To lose weight, it is essential you allow your endocrine glands to be at their optimal health. This fundamental system looks at which one gland is more active in comparison to others. These glands (adrenal, thyroid, pituitary and ovaries) will influence the pattern in which you store your body fat. Look at your clients. Do they store most of their fat below the waist? On their stomachs? All over their bodies? These are clues about the internal body chemistry of the endocrine glands. It is believed over reliance on the specific foods that excite your dominant gland can play a major role in fat storage. To lose fat, we therefore restrict the specific foods that stimulate your dominant gland, allowing balance to be restored to this system.

Blood type influences are dependent on the blood type interactions with specific proteins called lectins. In certain individuals, this can cause food intolerances, immune responses and agglutination of the blood, leading to many negative health complaints. Therefore, the blood type recommendations refer to which foods to avoid within the nutrition plan.

Other Issues

Food quality and preparation technique are a foundation of any metabolic typing regime. Eating inferior food products can completely undermine the effect of that food on your metabolic type. In addition to this, metabolic typing looks at the issues of supplements and tailors a few specific supplements to increase metabolism, restore and maintain digestive function and make up for the short fall of current nutrition practices.

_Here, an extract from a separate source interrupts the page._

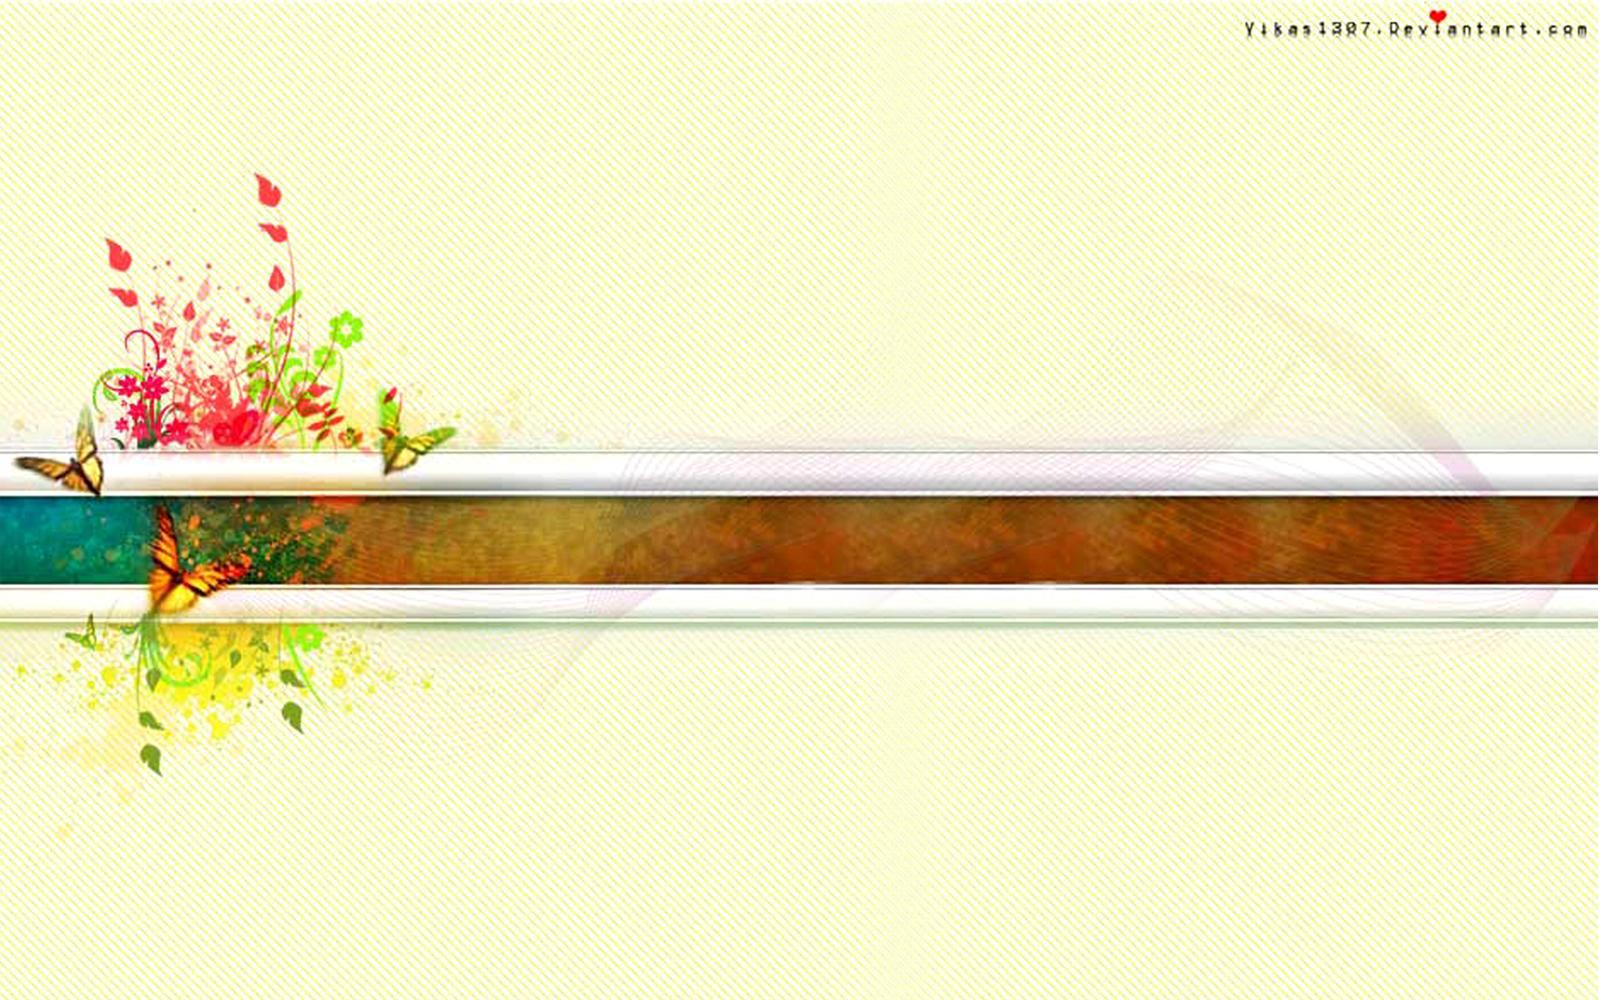 ..:: wallpaper 1 ::... by vikas1307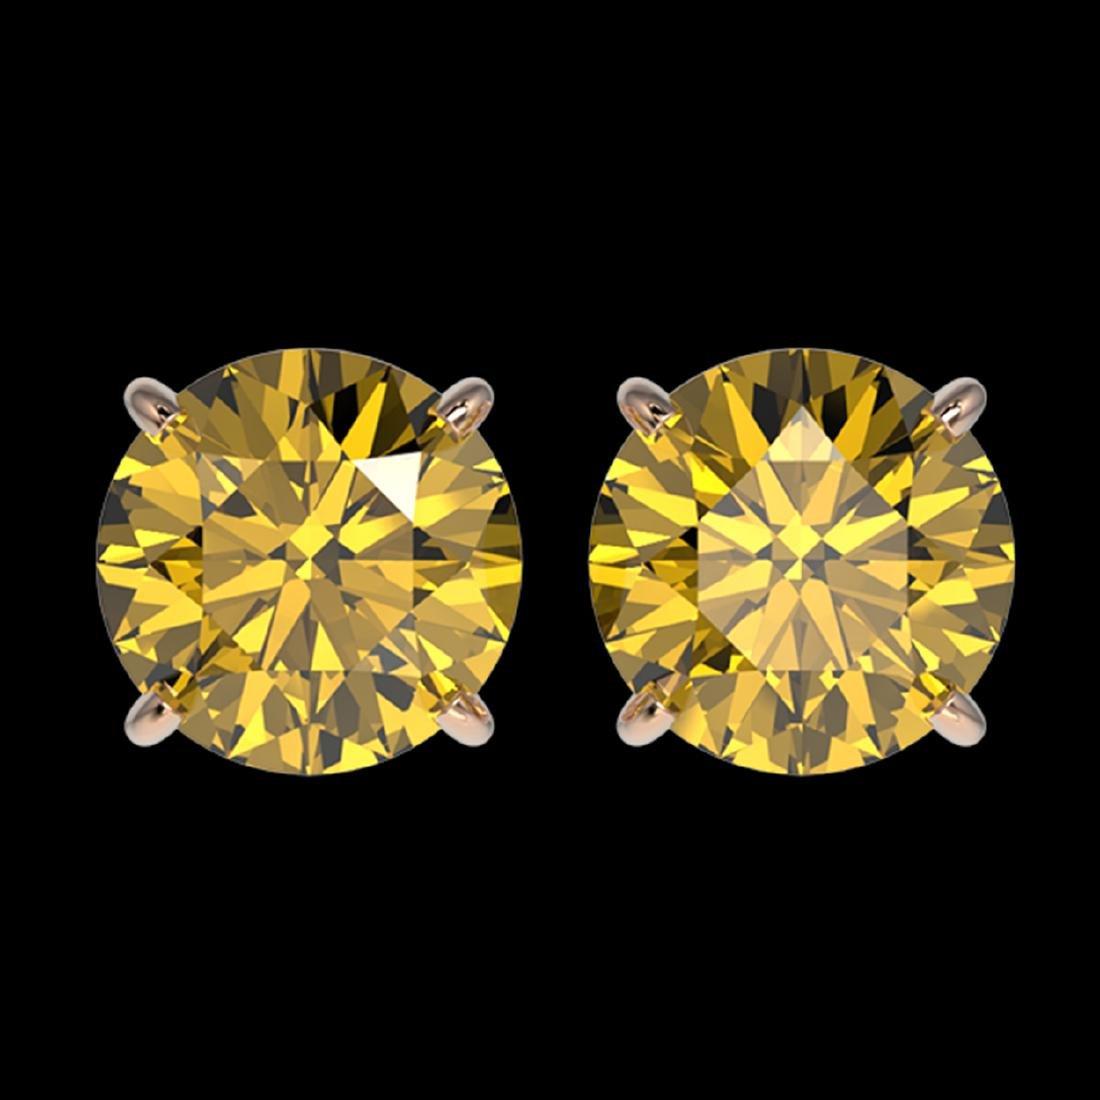 2.57 ctw Intense Yellow Diamond Stud Earrings 10K Rose

In summary, metabolic typing allows you to discover exactly what foods to eat, how much of them to eat and what foods to avoid. It covers all aspects of nutrition and supplements. It is rapidly growing because it is the most sophisticated and accurate system of finding out your individual needs. Its rise in popularity is because it gets amazing results with all types of clients.

References:

  1. Abravanel. The Body Typing Diet. Bantam.
  2. Chek, Paul. How to Eat, Move and Be Healthy!
  3. Fallon, Sally. Nourishing Traditions. ProMotion Publishing, 1995.
  4. Power, Laura. Dietary Lectins: Food Intolerances and Blood Type.
  5. Price, Weston A. Nutrition and Physical Degeneration. Price-Pottenger Foundation.
  6. Wolcott, William and Fahey, Trish. The Metabolic Typing Diet. Doubleday.
  7. Williams, Roger. Biochemical Individuality. Keats.
  8. Watson, George. Nutrition and Your Mind. Bantam.